In this particular situation, the dataset was being used for a DataTables table (another large performance hit, but one that's less trivial to fix) which needed a defaultContent in the columnDefs to avoid complaining about missing values.
Design¶
In addition to the performance issues, the function has two significant design flaws.
First, it's a highly specialized method masquarading as a generic one. It completely depends on the DocumentNumber_id and DocumentNumber keys to do the merging; without those keys, the method can't do anything at all.
Second, it does an in-place mutation of the data. This isn't always a bad thing, but a function doing an in-place mutation is generally undesirable compared to something that returns data to use as-needed.
Potential solution¶
Here is a potential solution to those. The invocation changes slightly, and you need to catch the return and store it, but it allows much greater flexibility in terms of how the method could be used.
/**
* Merge two arrays of objects
* @param {object} target An object holding the target data to be merged into
* @param {Array} target.data The array of target data objects to merge new data into
* @param {string} [target.key] The key to merge on, defaults to `id` if not provided
* @param {Object} source An object holding the source data to merge in
* @param {Array} source.data The array of source data to merge in
* @param {string} [source.key] The key to merge on, defaults to `id` if not provided
* @returns {Object[]} Returns an array of objects, merged by the provided keys
*/
export function mergeData(target, source) {
const reshaped = Object.fromEntries(source.data.map(o => [o[target.key??'id'], o]))

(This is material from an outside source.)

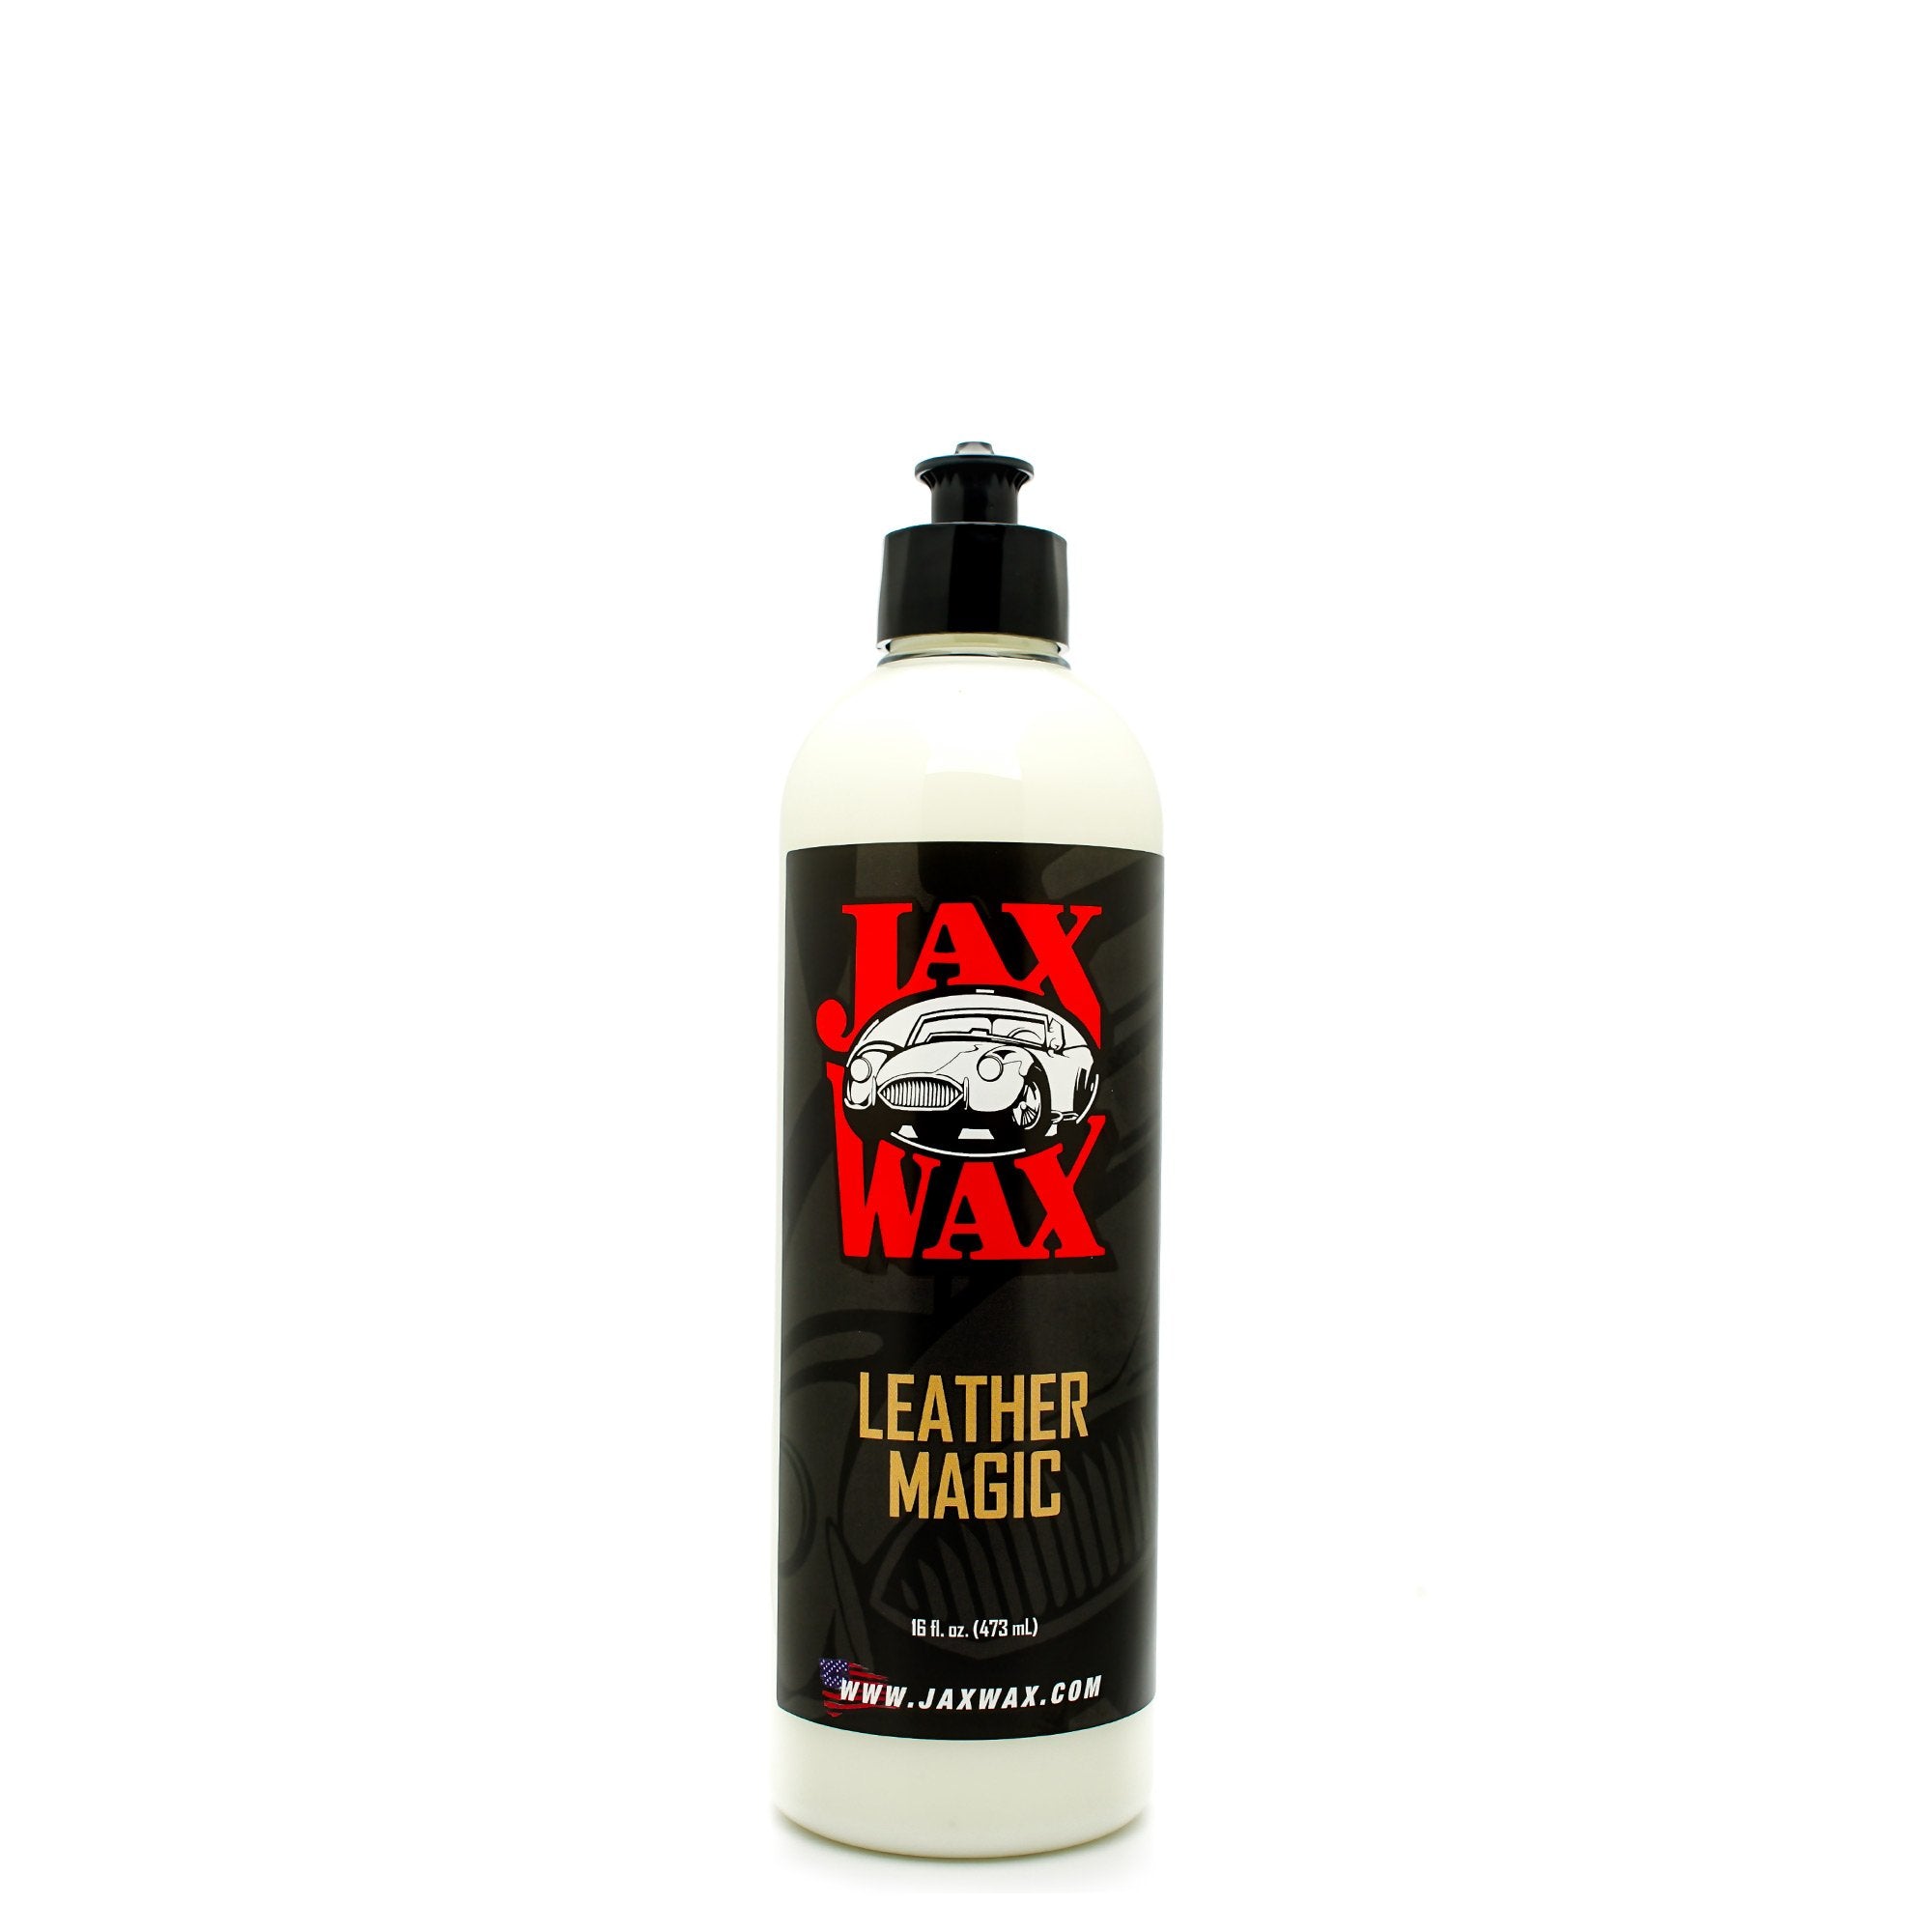 LEATHER MAGIC CLEANER AND CONDITIONER

return target.data.map(obj => ({...obj, ...reshaped?.[obj[source.key??'id']]}))
}
This version does two things. First off, it takes in a pair of objects in the format of {data: Array, key: string}, which allows users to specify the unique key to use for each dataset in order to merge them by an arbitrary key if the default of id isn't appropriate. Second, it creates the final output to return by mapping over the data and returning that, instead of doing an in-place replacement.
However, there are two caveats with this method. First, it's only capable of taking two datasets and merging them together, it isn't useful in the situation when you have more than two datasets to merge. Second, it still has a flaw that the original does in that it's not a true merge of the two datasets, anything in the source that doesn't match a key in the target will just be skipped and ignored. Neither of those are fatal flaws in the original context, but they are a natural extension of the functionality.
/**
* @typedef DatasetData
* @param {Array} data The array of data to merge in
* @param {string} [key] The key to merge on, defaults to `id` if not provided
*/
/**
* Merge multiple arrays of objects
* @param {DatasetData[]} datasets An array of objects containing the data to merge and an optional key to merge on
* @returns {Object[]} An array of ojbects ultimately created by the merging
*/
export function mergeData(datasets) {
let output = {}
for (const {data,key} of datasets){
data.forEach(obj => output[obj[key??'id']] = {...output[obj[key??'id']] ?? {}, ...obj})
}
return Object.values(output)
}
data and key, and merges them all together into one array to return. This design could also be further extended with options for things like only having one final key field in the output, excluding objects with no match in the first dataset (as the original version does), early-return handling for situations where there are zero or one datasets provided, and so on.